In halls ye deck another dwells.

Why shake the chains ye wrought? Ye see

The steel ye tempered glance on ye.


With plough and spade and hoe and loom,

Trace your grave, and build your tomb,

And weave your winding-sheet, till fair

England be your sepulchre!

When my mother died Doris sent condolences and photographs she had from the 1950s. She certainly did not have to do that, though she and my mother had made their peace. She was a powerful intellect, a fierce political partisan, who loved and cared deeply about her family and people as much as ideas. I will miss her.
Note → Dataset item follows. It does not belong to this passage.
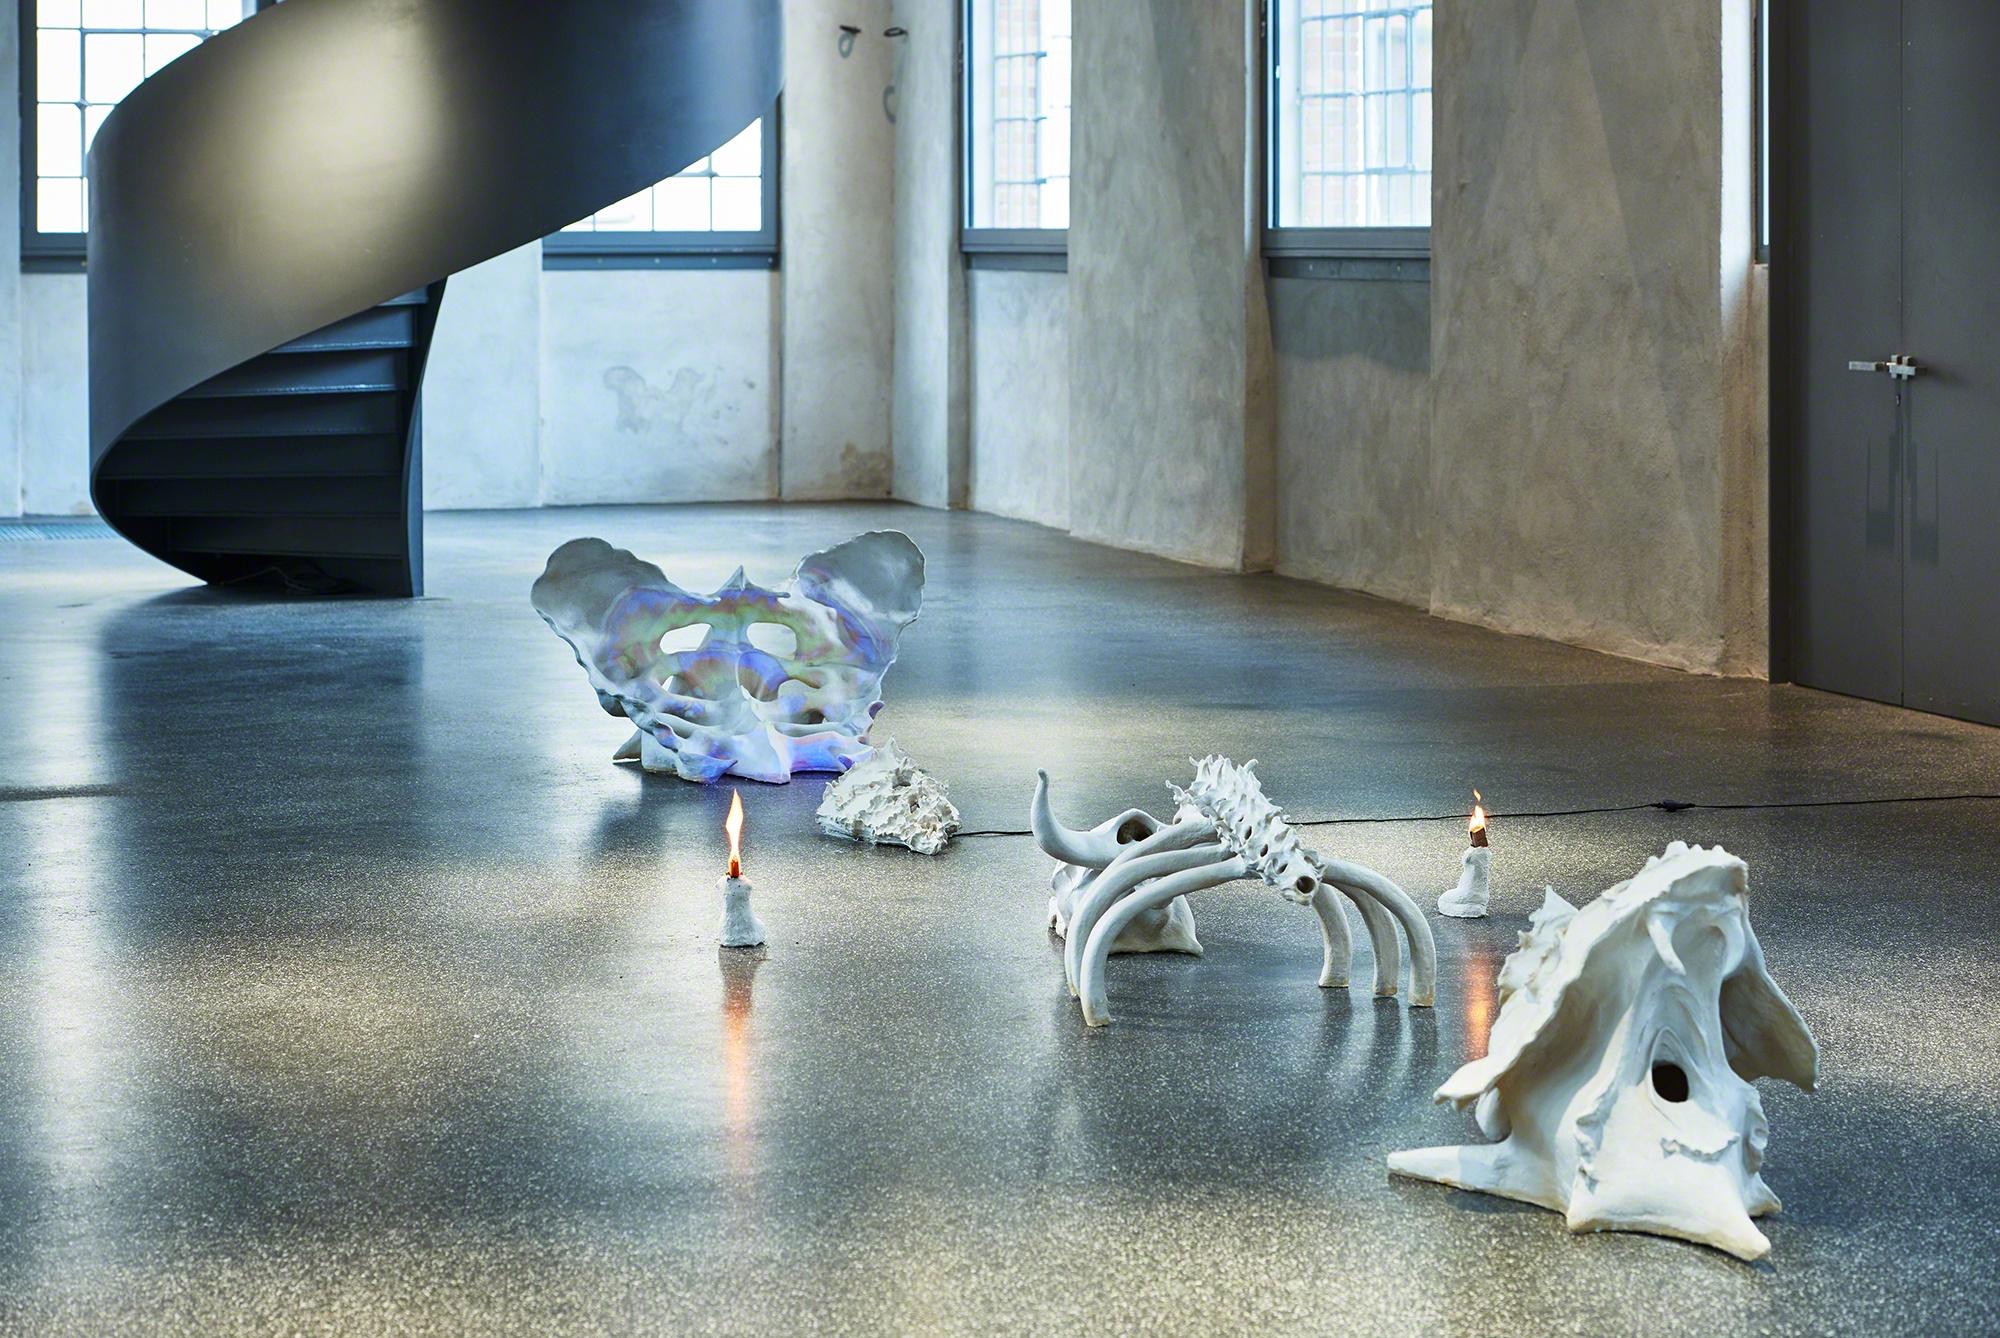 Niloufar Shirani,IKKG, Keramik, Installation, Sayner Hütte, Bendorf, Kunst, Skelett, Produkt, Fotografie, Produktfotografie, Articus und Röttgen Fotografie, Koblenz, Köln, Bonn, Brohl-Lützing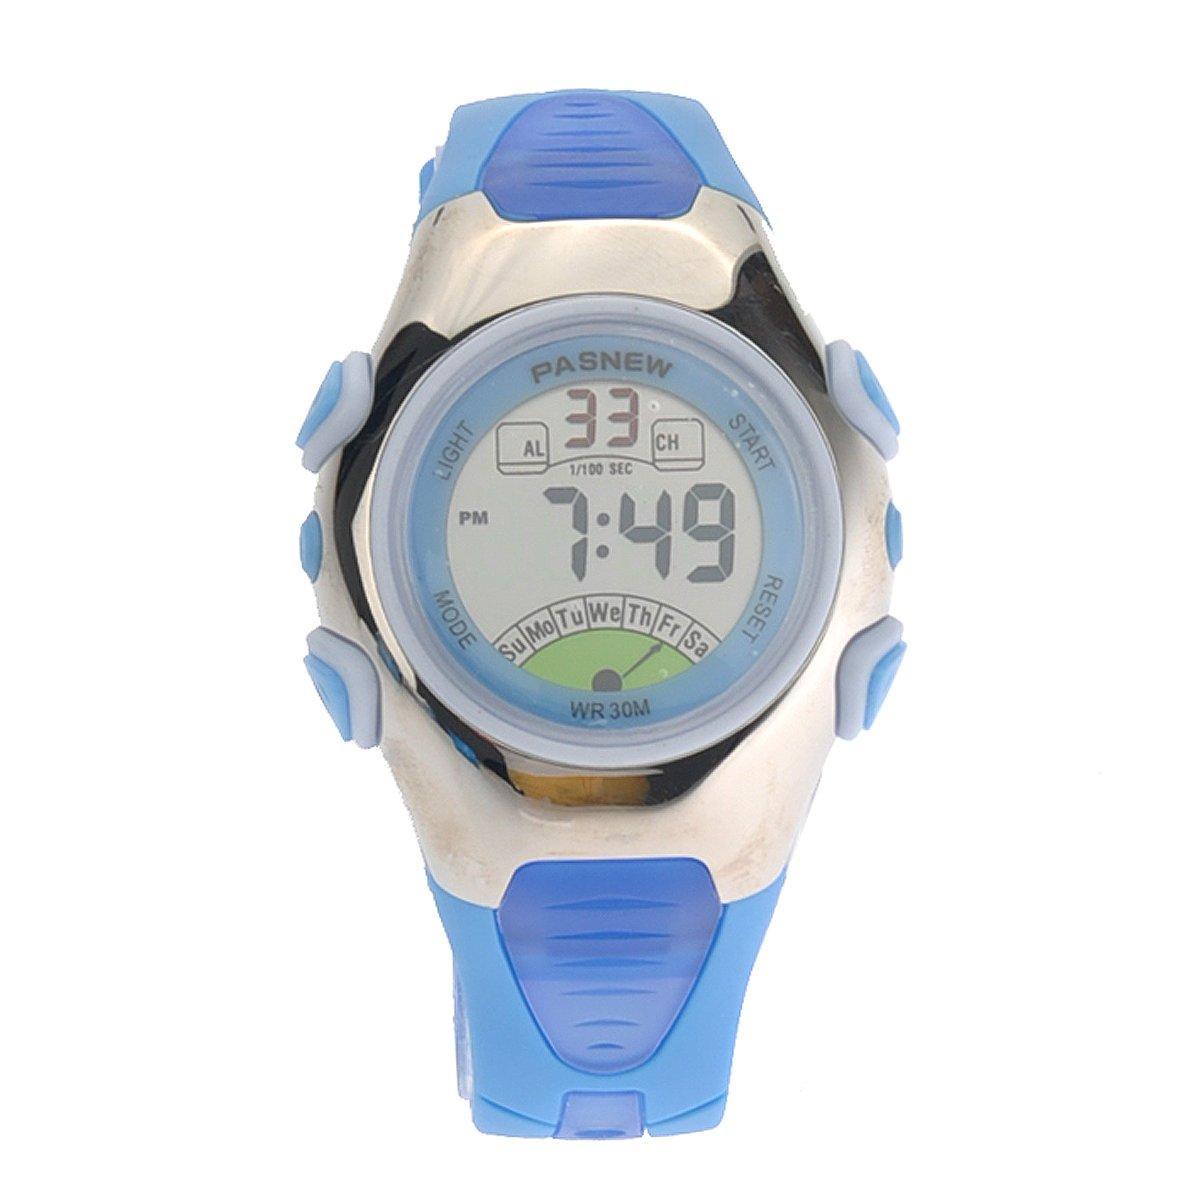 Foxnovo PASNEW Waterproof Children Boys Girls LED Digital Sports Watch (Blue)

  1. My condolences on the loss of this matriarch, one of your intellectual mothers.

  2. What a gorgeous piece, Jon. Would have made
    my mother proud.

  3. I don’t recall that I said merely that Shelly had no ideology. In whatever I said, I meant that he offered no path to a revolution, just an expression that one was necessary. It was Marx and Engels who came to the same conclusion as Shelly, but began the effort to outline the necessary major role to be played by the working class and working class organization to prepare the ideological understanding by the working class of its historic role not only of the necessity of revolution but the nature of the society that was to replace capitalism.

  4. Of course, what Jon wrote was a wonderful tribute to Doris. Her daughter Lili was greatly moved when she just read this and I am sure that Doris’s son Oskar will also react in the same way.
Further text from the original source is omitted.